While he mostly receives warm welcomes from the sites he visits, the charity champion has sometimes found himself in precarious situations on his adventures, including sleeping in plastic bags outside venues to save money in the ’80s and ’90s.

“I've got 380 lever arch files, 90,000 photographs, menus, postcards, etc. It’s all listed from pub number one.”

“We would find a pub out in the country with some land next to it or an old graveyard somewhere and doss there, it meant we could just come out of the pub and sleep in our plastic bags.

“We did that for almost 10 years and then The Sun​ newspaper come out with their £8.50 holidays where you could go anywhere all around the coastline of Great Britain.

“I’ve been on 126 of them now and use the campsites as a base to save me sleeping outside.”

On another occasion more recently, he arrived at a 17th​ century pub in the Isle of Man only to find the building was now somebody’s home with a listed pub sign attached.

After being greeted by the unimpressed occupier while taking photographs of the site before realising the mistake, Hill made a “quick exit” after being asked what he was doing.
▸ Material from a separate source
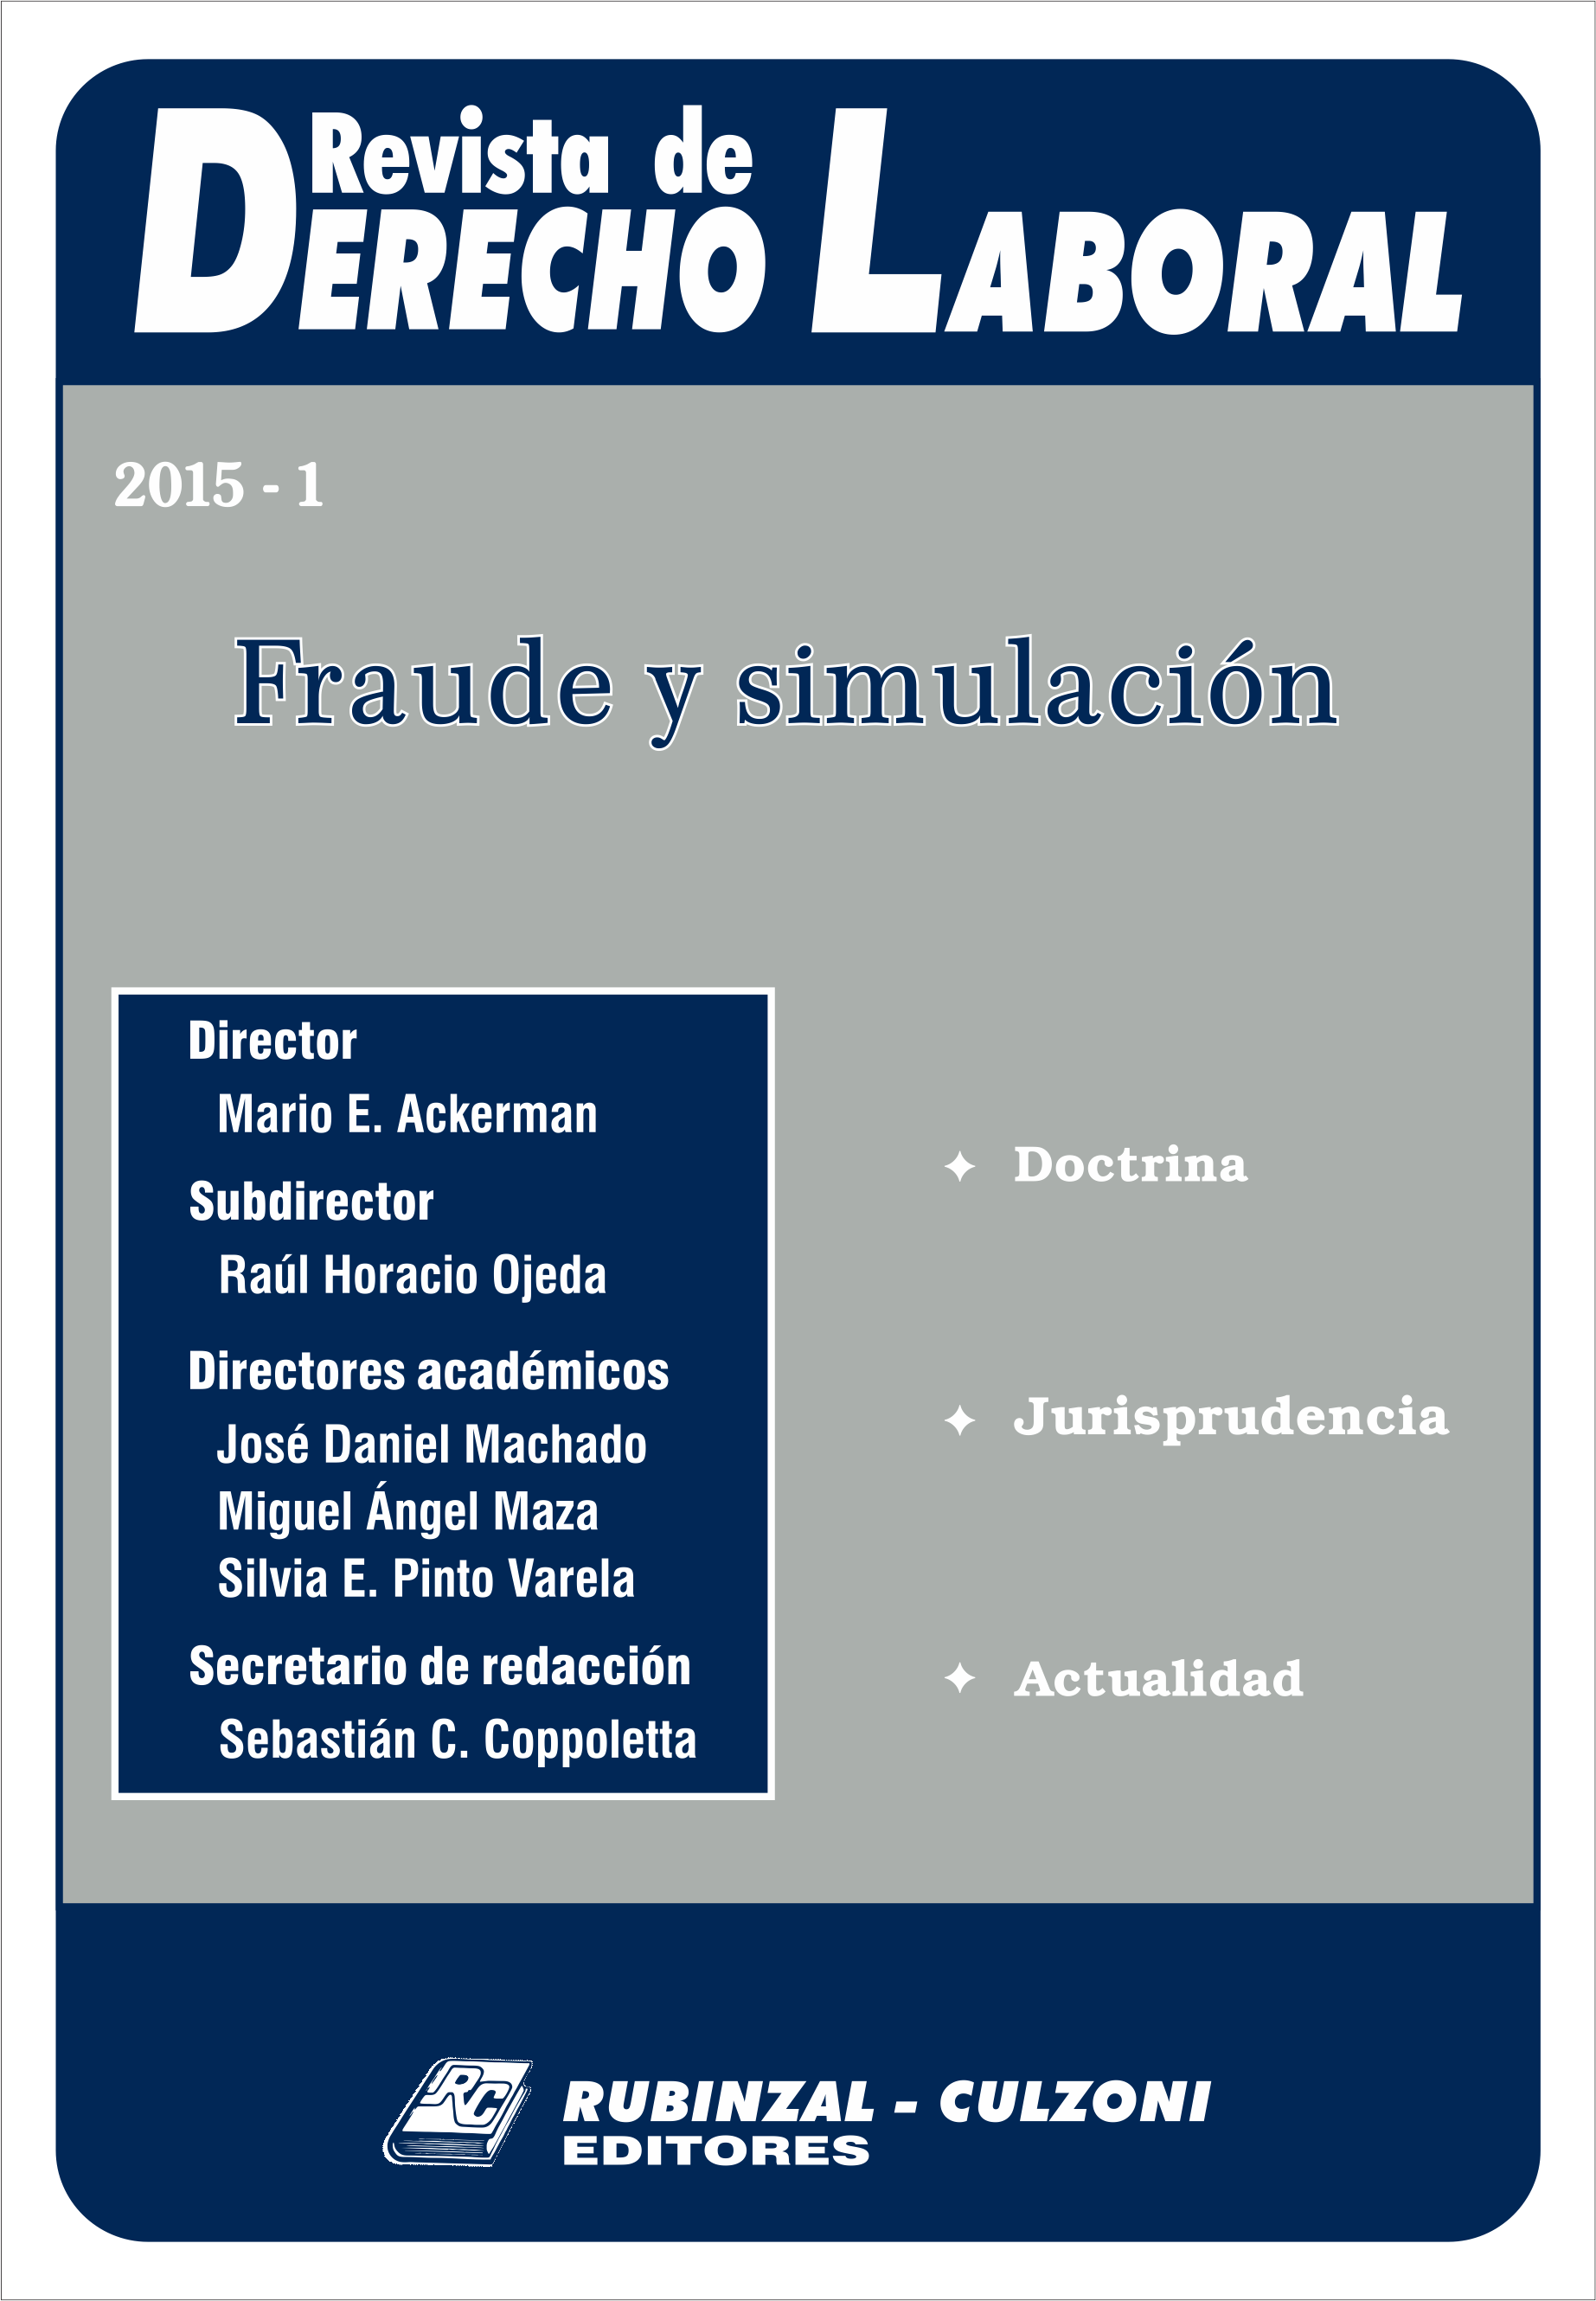 Revista de Derecho Laboral - Fraude y simulación

Hill, whose local venue is the Rising Sun in Tipton, also remarked the face of the great British pub had changed quite a lot over the years, with widely varying opening hours and cashless policies having caused some difficulties along the way.

Everything changes 

The rise of gastropubs and Desi pubs, was also something Hill said had changed the landscape of the on-trade since he began this journey, along with changes in drinking and eating habits in pubs, the smoking ban, and rules around children in pubs.

“There’s been loads of changes, meals in pubs now are massive. Back in the early ’80s, you couldn't really get breakfast or dinner in pubs at that you had to go to a hotel or a restaurant or something like that”, he said.

Hill, whose favourite tipple is a Banks’s Sunbeam, added the rise of the craft beer scene and introduction of micropubs and breweries had also changed the pub scene.

Moreover, the pub enthusiast has also seen many much-loved venues lost due to challenges faced by the sector over the years, as well as a decline in real ale pubs.

“There were 93 pubs in West Bromwich in 1992 and at that time we had a lot of industry in the area, but the industries have gone and the breweries have either collapsed, sold up or moved on.

“A lot of my favourite pubs have been demolished, the ones I really loved, I used to like the old traditional boozers, but everything changes.”

Finally, this year, Hill embarked on his last adventure in aid of the air ambulance, visiting every pub in the 2020 Good Beer Guide​ by the Campaign for Real Ale (CAMRA), which contains 4,500 pubs, finishing the milestone trip by enjoying a pint at pub number 23,000 at the end of January.

Over the decades, he has raised more than £35,000 for a variety of charities in multiple communities across the UK, from children’s hospitals to the air ambulance, funding and documenting the entire journey himself.

He concluded: “When we started on the adventure, I assumed it was going to last a year or two, but it’s been 39, [almost 40], years now.

“I've got 380 lever arch files, 90,000 photographs, menus, postcards, etc. It’s all listed from pub number one. I did it for fun and to give somebody a bit extra at the end of each challenge.”